Here is where the church finds our vocation. God is working to repair the human family. To reconcile the world to Godself, as Paul puts it. God is putting the family back together. God is bringing back together children who have strayed far from home and siblings who have disowned them. God is bringing back together people in our city, people in our world so long divided that they don’t even realize they’re part of the same blessed family. God’s love and forgiveness is hard at work in the world putting the family back together and we are invited to join the feast no matter who we are, what we’ve done, how badly we’ve failed, how divided we are from ourselves or each other. God is putting the family back together and will sacrifice whatever God needs to sacrifice, will give whatever needs to be given, will suffer whatever needs to be suffered to make this happen.

We were approaching our destination so the Uber driver lobbed a final question my way. “So what if I lived a really bad life,” he said, “did horrible things, then on my death bed, right before I took my last breath, I told God I believed? Would I get to go to heaven then?”

“I’m pretty sure God can decide whether or not somebody’s sincere,” I said. “It’s not some game we can manipulate. It’s about the very heart of God – who God is. And who God is offensive to our notions of what’s fair. Bottom line – your future is not in your hands and neither is mine. And that’s good news. Because I trust God way more than I trust some TV preacher who raises $65 million for his own jet. And you should trust God way more than some off-the-clock Presbyterian pastor you picked up on a Tuesday night.

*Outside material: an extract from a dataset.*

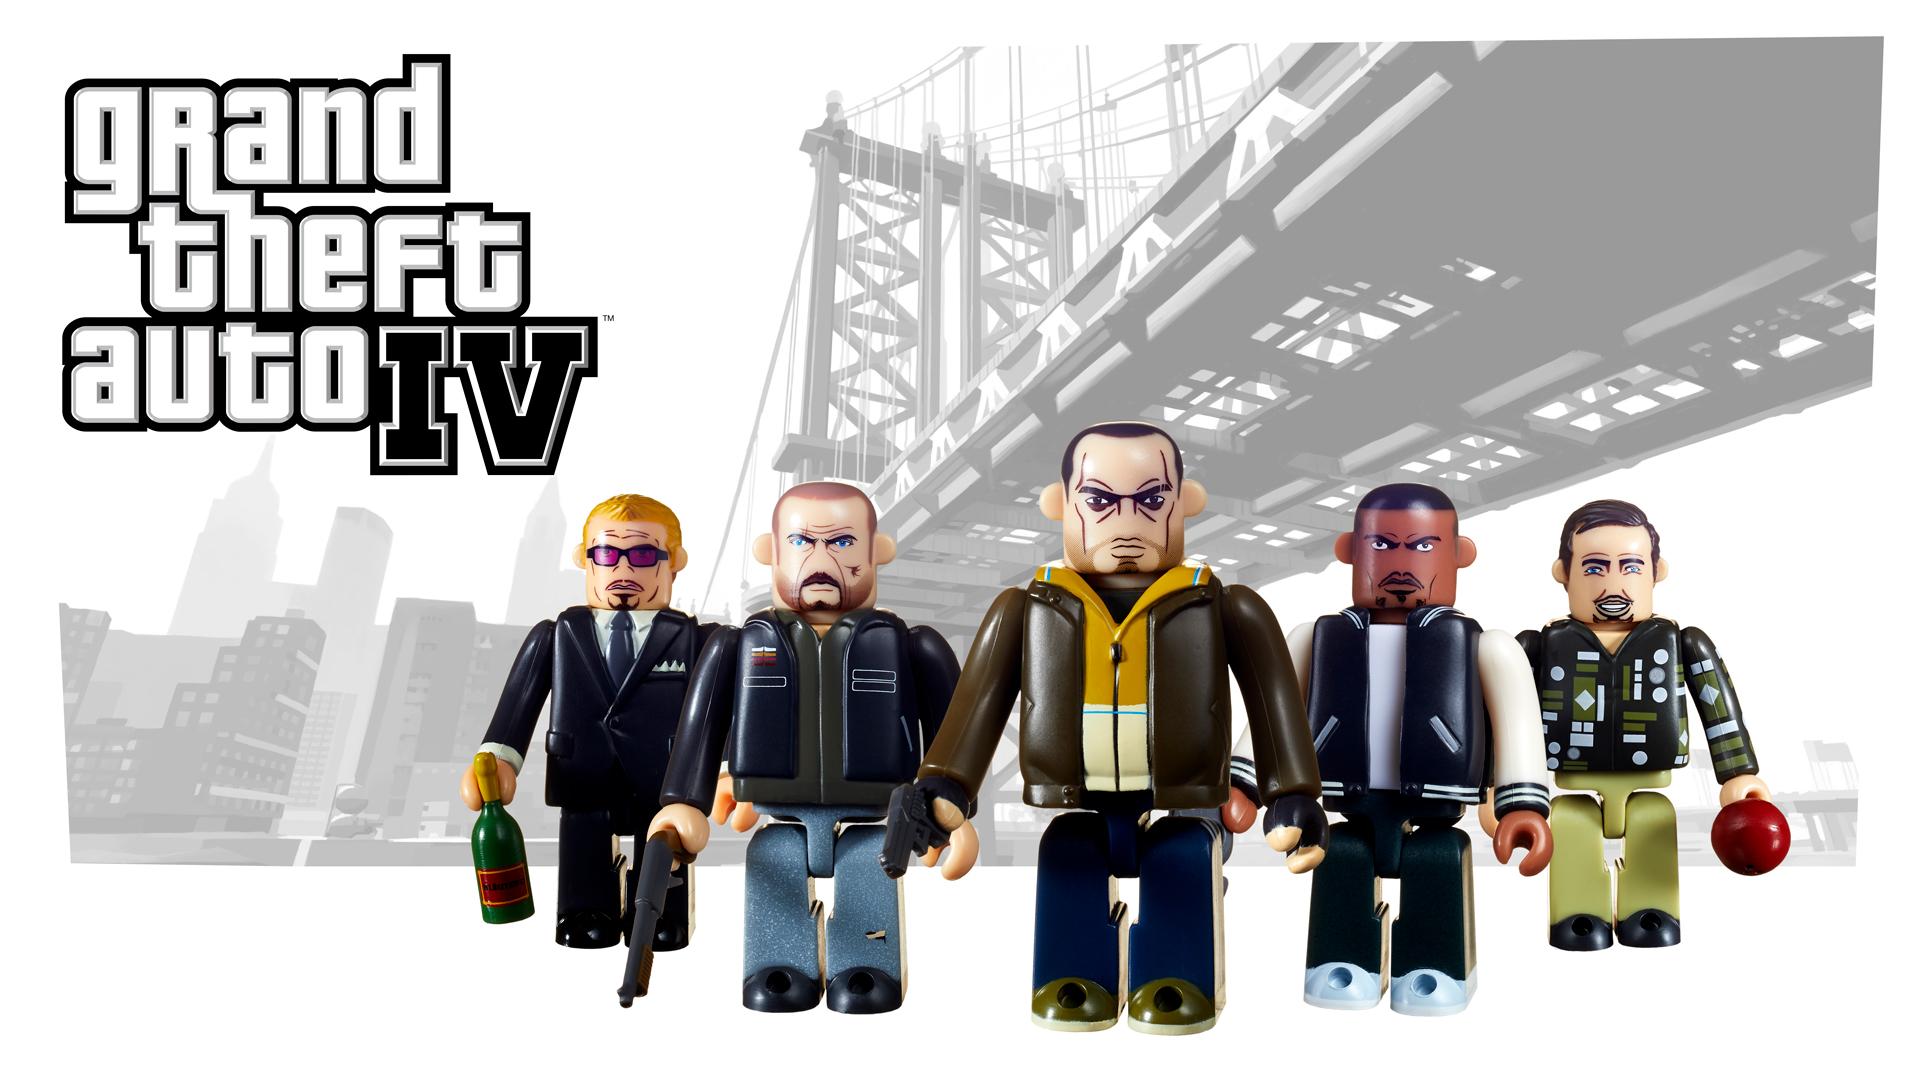 Kubricks Grand Theft Auto IV

God’s grace is embarrassingly naïve, this God who eats with sinners and welcomes them. This God who welcomes the prodigal home before he deserves it. This God who won’t let a son forget his brother. This God who is reconciling the whole world to Godself one child at a time, one cross at a time, one relationship at a time. God’s grace is extremely undignified, embarrassingly naïve, a fact the Uber driver could plainly see.

 

[1] The Greek word translated here as “compassion,” is splagchnizomai, which comes from the word that means “the inward parts” – the guts. The Greeks thought that these inward parts represented the seat of the more violent passions such as anger and love. But the Hebrews referred to them as the seat of the tenderer affections such as kindness, benevolence, and compassion.

[2] Eugene Boring and Fred Craddock, The People’s New Testament Commentary, (Louisville: Westminster John Knox Press), 2004, p. 24.